To my surprise, it was actually quite tasty.

It had the same fried doughy outer shell as a normal spring roll but was filled with cabbage and grilled chicken with a Scottish mustard as a sauce.

After we talked for an hour and I finished my spring roll, I went to the restroom, where I had a pleasant surprise. There was a bottle of wintergreen Scope on the sink! I couldn't think of a better way to get to get the taste of Scottish food off of your pallet.

We had so much fun catching up that we decided to meet at the Northside Tavern Saturday night for an official night of drinking to bring back memories of high school days. Plus we'd get to see Thee Shams.

I arrived a little late. Jess was already there drinking with a friend of hers from work. Rachael's short blonde hair, perfectly toned body and tight tank top with the number "10" on the front reminded me of a surfer. It's a rare image to see in this fair city.

As soon as I sat down at their table, Jess told me I was going to have to walk her back to her car when we left. I thought at first that she was afraid to walk in Northside alone. But it turns out that when she got out of her car after she parked it at the lot across the street from the tavern, there were huge roaches crawling around the parking lot. It was the first time I've ever seen this girl squeamish about anything, so I agreed to get her car when we left.

After Thee Shams played a great set of Blues-tinged, '60s Rock & Roll, we decided to go play a game of pool. I went to the bathroom first so nothing would distract me from the game. While I was waiting for a stall to open up, a drunk little English man, who only came up to about my nipples, walked in and asked me, "Are you having any luck getting with any of the fine women here tonight?"

I told him, "Nope. I already have a girlfriend."
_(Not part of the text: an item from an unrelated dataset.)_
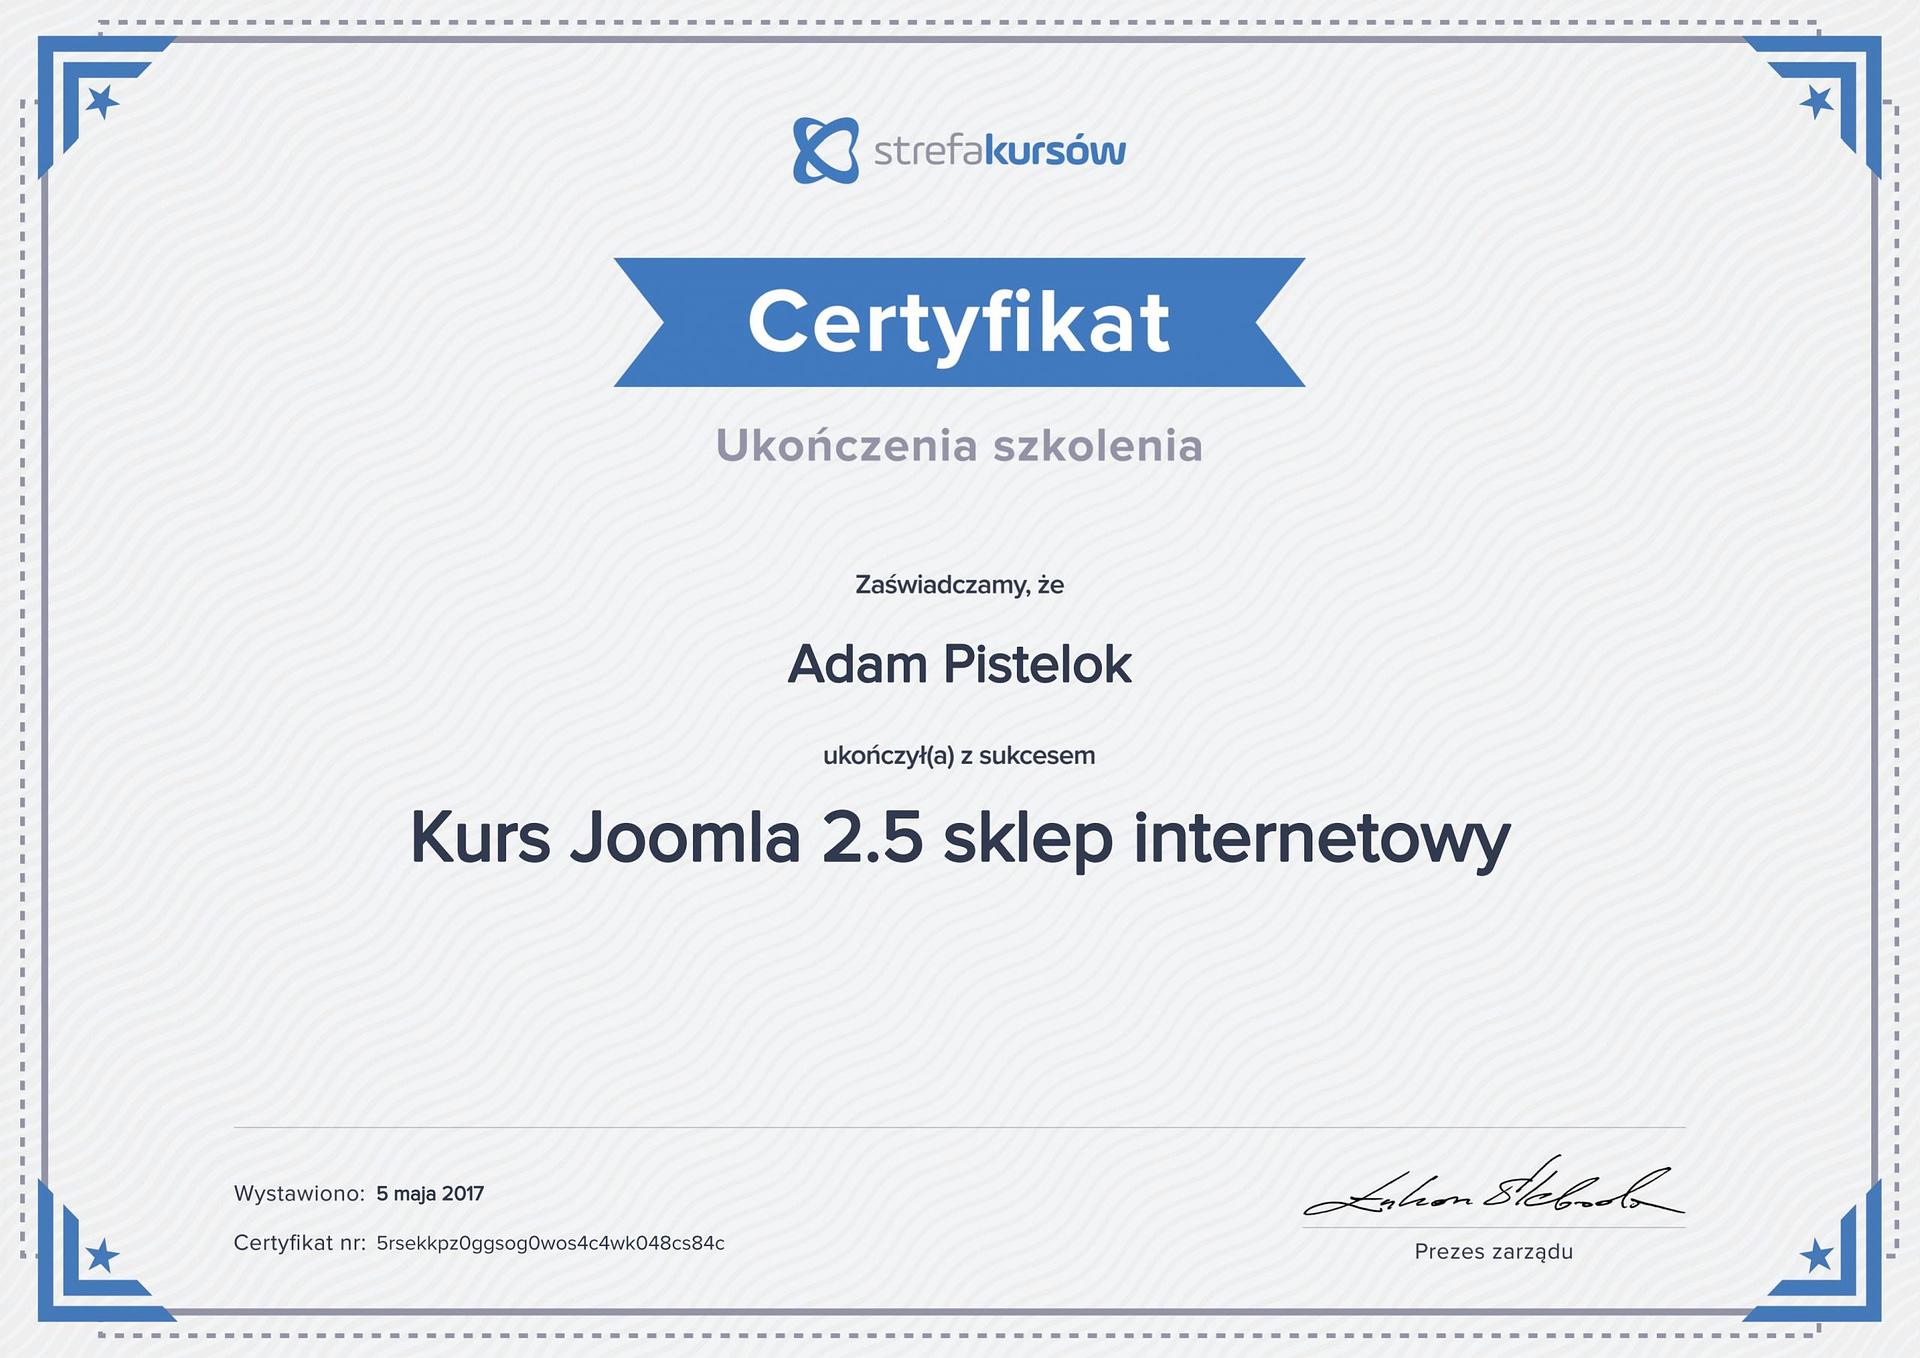 Joomla sklep internetowy 2

He just shook his head, and said, "Sorry about your luck."

When I walked out of the bathroom, he'd made a beeline toward Rachael. He started nearly drooling while staring at her breasts and began asking her what the number "10" meant on her shirt.

I just walked up and said to him, "Oh, I see you met my girlfriend."

I don't think I've seen anybody turn so pale so fast before. He just stammered something like, "I wasn't hitting on her. I didn't know she was your girlfriend. Please don't beat me up."

Jess and Rachael had a hard time not laughing in the poor guy's face before he quickly walked away.

After we had our laughs and played a couple of games of pool, I had to fulfill my duty of walking Jess to her car. She was so terrified of the roaches that she gave me her car keys and told me to drive her car out of the parking lot while she waited in safety on the sidewalk. I was making fun of her whole time I was walking to her car, until I put the key in the door and looked down. I nearly screamed like a little schoolgirl.

There must have been about 50 huge roaches just scurrying around her car. I'll never make fun of one of her fears ever again after that experience.